Los equilibrios de intereses ¿imposibles?

La gestión de las relaciones bilaterales entre ambos países, bajo la dirección del mandatario neoyorquino, están presididas por el voluble, y preocupante, carácter personal de Trump pero también por dos cuestiones centrales y sobre las que pivota toda la estrategia (que la hay): en primer lugar, colocar al estado iraní como enemigo principal de EE.UU .y debilitar su potencia económica, religiosa, militar y política en la región, en beneficio de los aliados clásicos de EE.UU., como los regímenes autocráticos suníes, el régimen sionista en Israel o incluso el grupo ISIS (cuyo principal enemigo militar han sido siempre Irán y sus aliados.) En segundo lugar, un ataque sin precedentes de EE.UU. a la Organización de las Naciones Unidas (ONU), el multilateralismo y el Derecho internacional. Sin embargo, estas dinámicas, que veremos a continuación, no consiguen ocultar el sustrato sobre el que se basan: la progresiva pero constante decadencia del otrora imperio estadounidense, incapaz de construir alianzas estables, militarmente debilitado, amenazado económica y políticamente por otras potencias y con una imagen pública en franca descomposición.

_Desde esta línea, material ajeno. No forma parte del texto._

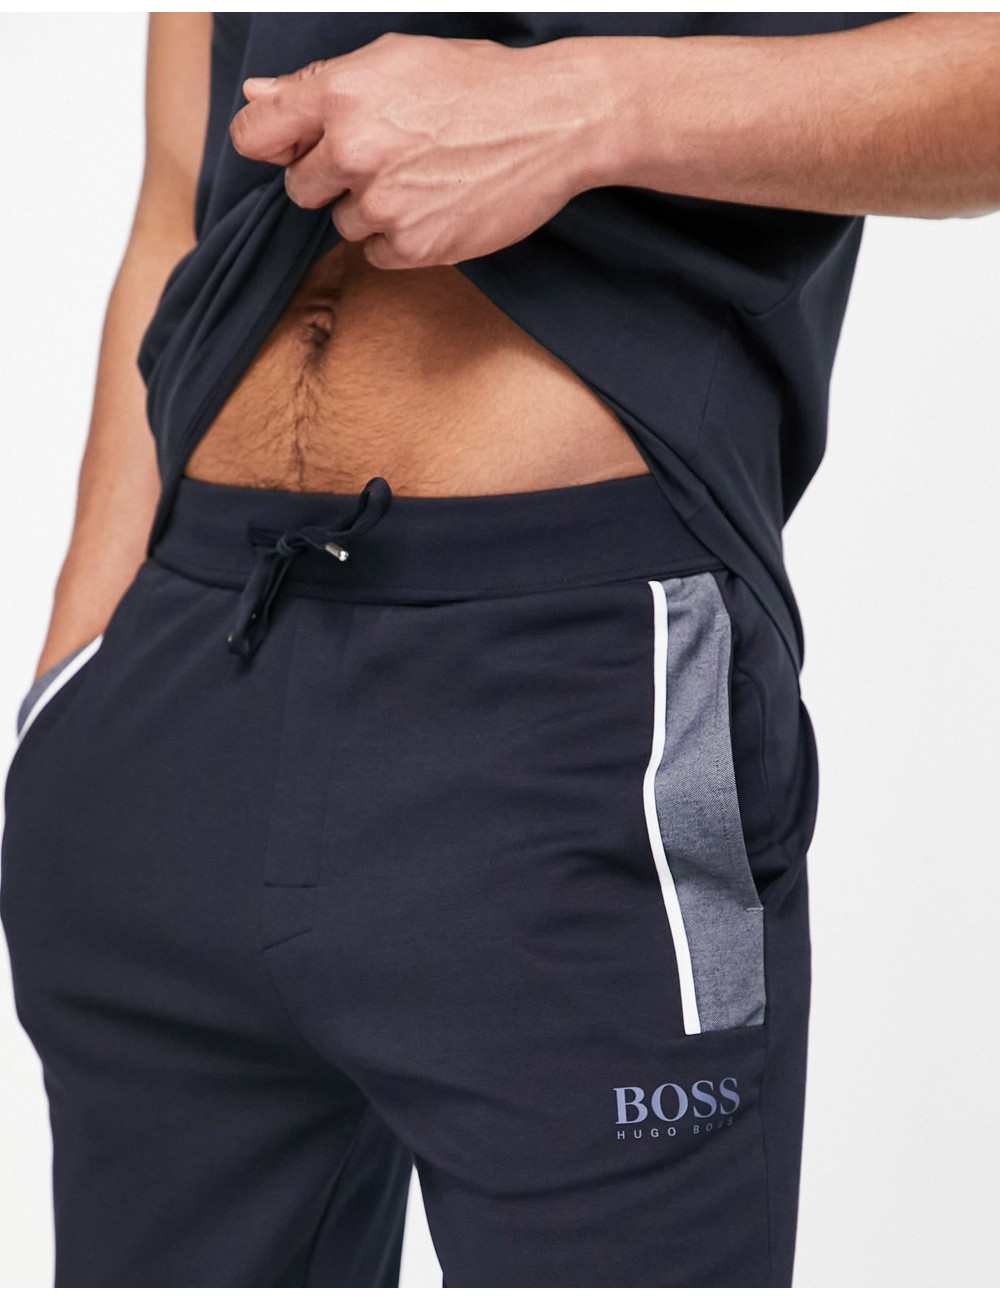 BOSS Bodywear joggers with...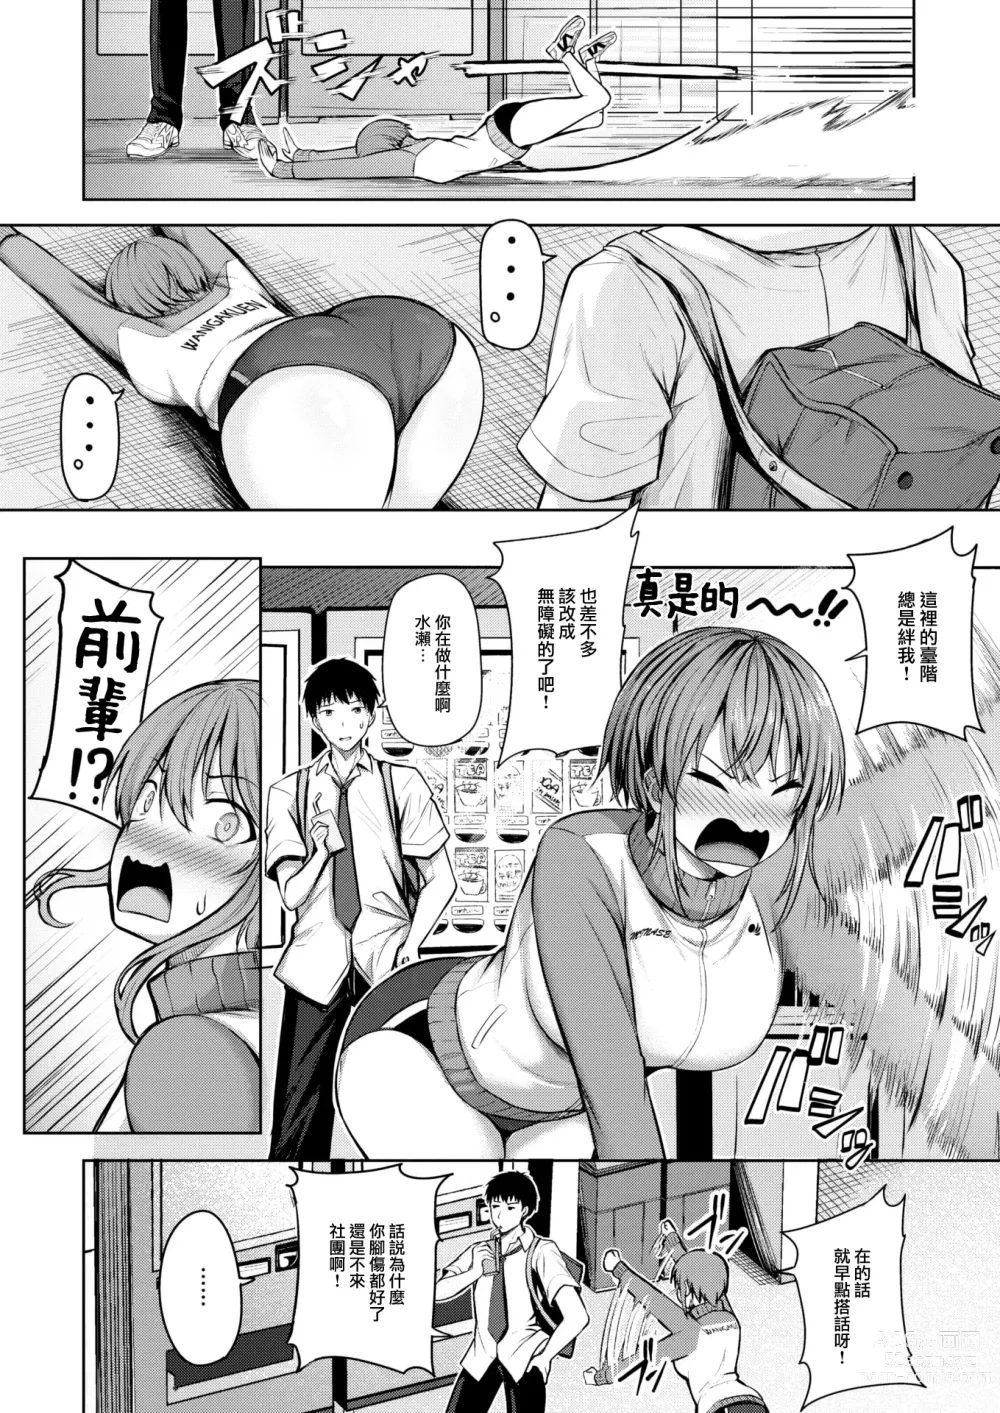 Page 3 of manga Start line

En lo referente al primer eje, y dejando a especialistas sobre la región profundizar en este análisis, no cabe duda que parte de la política exterior y de defensa de EE UU (véanse los últimos documentos sobre Estrategias Nacionales de Seguridad y de Defensa del gobierno estadounidense) se fundamenta sobre la construcción de un gran enemigo persa, construcción dialéctica alejada de los datos empíricos. Irán no es un actor que suponga amenaza alguna para la seguridad estadounidense si bien, y esta es la clave, es seguramente el actor más relevante en el complejo escenario de Oriente Medio. Ha sido, sin lugar a dudas, el principal actor militar en la derrota del ISIS (junto, qué duda cabe, con las milicias kurdas y el ejército iraquí) y es la alternativa al control de la zona de una Arabia Saudí progresivamente debilitada. La necesidad de configurarlo como un enemigo clave responde, sí, a necesidades de política exterior pero no a cuestiones de seguridad interna. Alentar un conflicto bélico abierto con Irán podía ser beneficioso en términos electorales para una reelección de Trump pero los intereses estatales, básicos en una análisis desde la óptica realista de la política exterior del antiguo hegemón, no se traducen en la obtención de beneficio alguno de una guerra de este tipo.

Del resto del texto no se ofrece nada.